Bruce’s thick eyebrow lifted toward his hairline. “What are you talking about?”

“This woman with so much drive and intellect,” Elsa continued. “It doesn’t sound like Mallory. Mallory never knew what she wanted. She never had a goal. She looked so relieved when she got pregnant because it meant that she had a purpose.”

Bruce bowed his head, listening intently.

“When you describe that young woman in your office, I feel so happy for her. So happy. But I also feel shame because I don’t think I ever really believed she could do something like that.

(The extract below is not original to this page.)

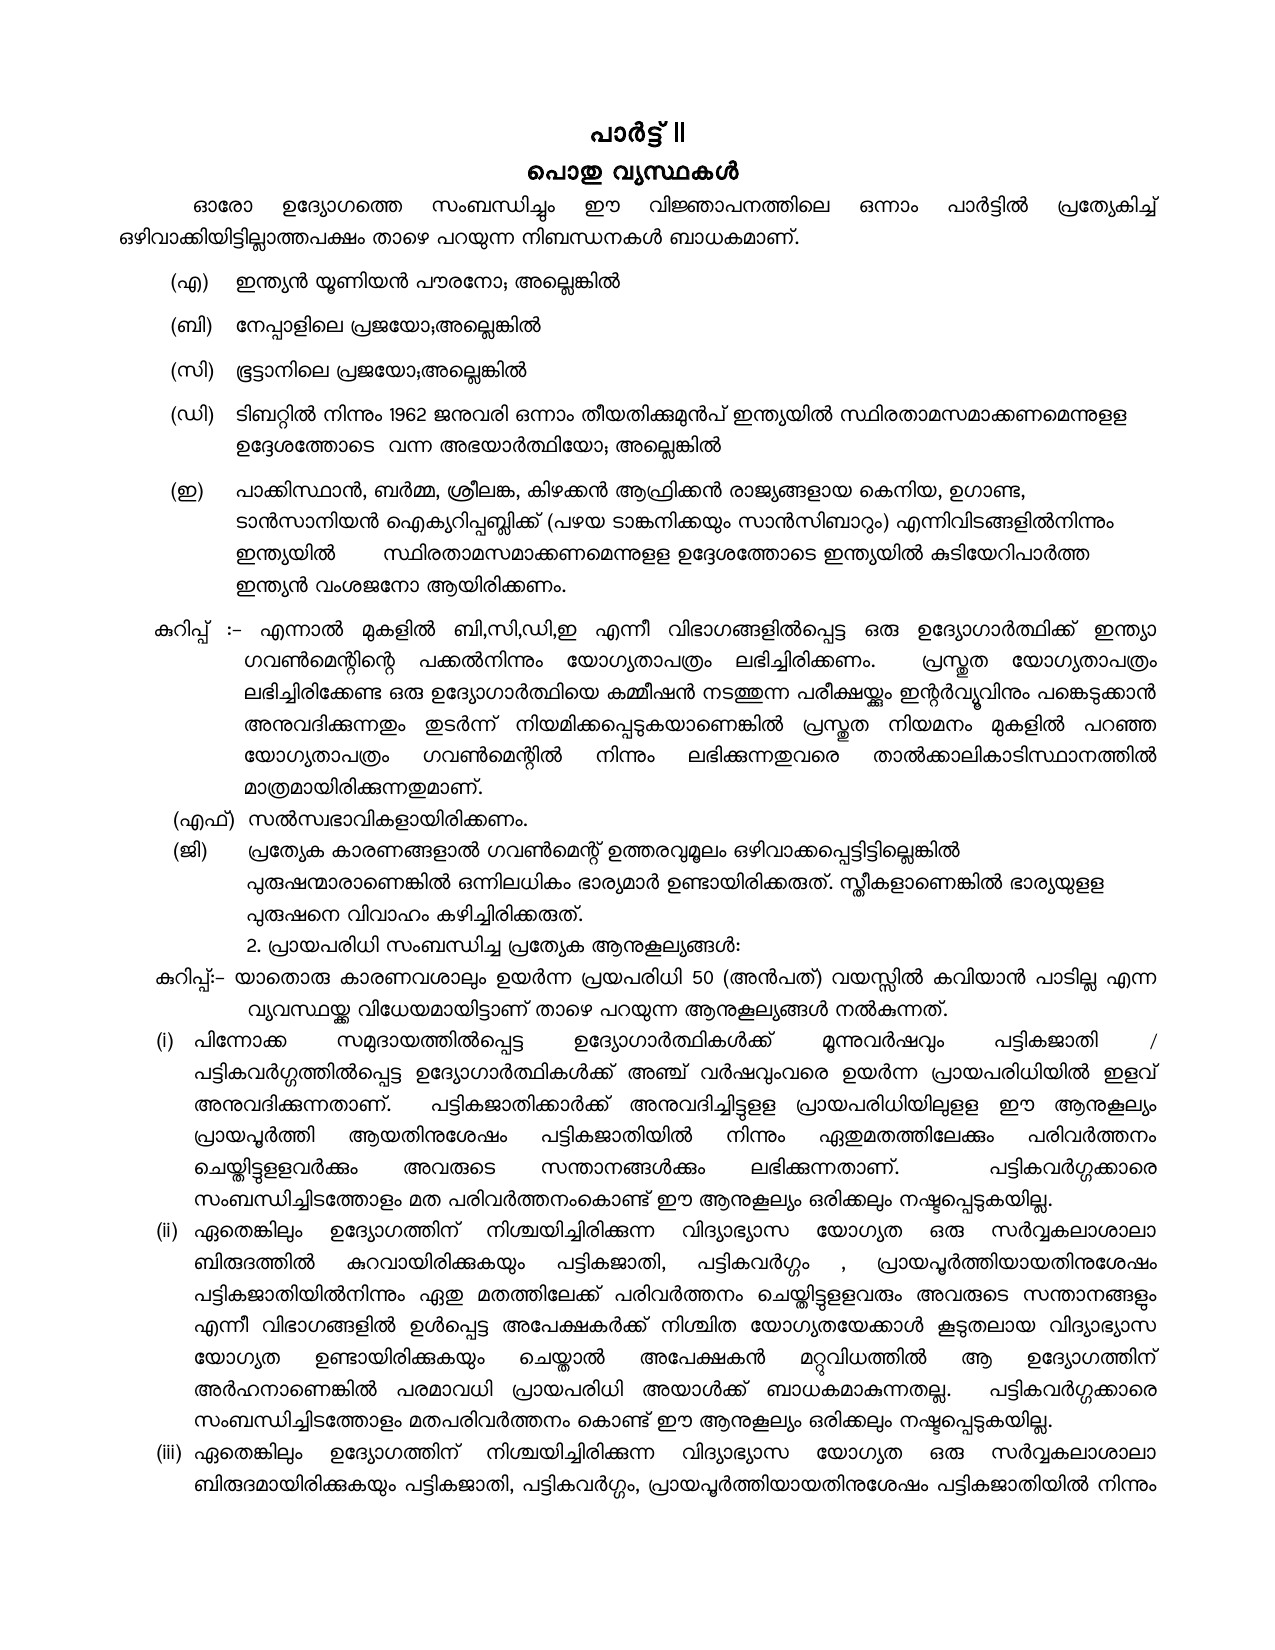 General Conditions and Certificate Formats in Malayalam - Notification Image 1

I worry that my own feelings about what she could do made her unable to push herself for so long.”

Bruce wrapped a warm hand over hers. “I’m sure she doesn’t think that.”

“There’s no way to know, is there? Parents mess us up in a million little ways. My mother’s treatment of Carmella after Colton’s death nearly destroyed her. Then, when Dad married Karen, the cracks got deeper and more jagged.”

“You’re not your evil stepmother, Karen,” Bruce told her. “Maybe you’ve made a mistake here and there. Who hasn’t? But you’re a loving mother. You pulled Mallory out of that horrible apartment and set her up with a life at the Remington House. Without you, she never would have had the strength to leave Lucas. Without you, she might never have discovered her interest in law.”

Elsa nodded, swiping tears from her cheeks. Bruce started the engine and drove them wordlessly westward toward the waterline in Chilmark. The drive took a good twenty-five minutes, during which Elsa stewed in her own sorrows, remembering every time she’s told Alexie to “go after her dreams in the city” and every time she just told Mallory, in small ways, that “this life was enough.” Maybe it was her own selfish desire to keep her daughter close.

Bruce parked the truck in the lot nearest their favorite beach, the Lucy Vincent. The beach itself was shrouded in burnt-orange rocks and still intimate, despite the touristic chaos of the rest of the island. Elsa fluttered her picnic blanket out across the sands and sat cross-legged, her heart pounding as she gazed out across the waves. This was a beautiful thing about Bruce: she could be with him, wordless and thoughtful, and feel totally at ease.

Bruce sat behind her, stretching his legs out on either side of her slender frame so that she could lean against him. His broad arms wrapped around her, and she inhaled his familiar scent, her heart pounding with gratefulness and urgency.Don’t let this moment pass.She hated it, but the truth was this: she’d lost the love of her life. It had been a tragedy. She wasn’t sure she could lose anyone else.

“Can I show you something?” Bruce asked softly.

Elsa nodded. “Okay.”

Bruce dug through his briefcase and removed a folded-up piece of thick paper. Elsa turned to meet his eye, curious.

“Elsa,” Bruce began. “I know I’ve been overwhelmed with work this week. But you haven’t been far from my mind, not for a second. After my wife died several years ago, I never imagined that I could find room in my heart for another woman. I thought, well, that was it. There goes my life.”

Elsa’s throat tightened. “I felt the same.”

Bruce unfurled the folded paper to reveal blueprints for what looked like a house. He splayed his hands over the blueprints, his eyes alight.

“Just let me explain,” he said softly.

Elsa couldn’t speak. Her tongue was frozen.

“I want to move forward with you,” he continued. “I want to build the next phase of my life with you. Together with an architecture friend from college, I drew up these preliminary plans. The house is on the smaller side, perfect for a couple, with two smaller bedrooms for the occasional guest. Grandchildren. That kind of thing.” Bruce’s smile widened.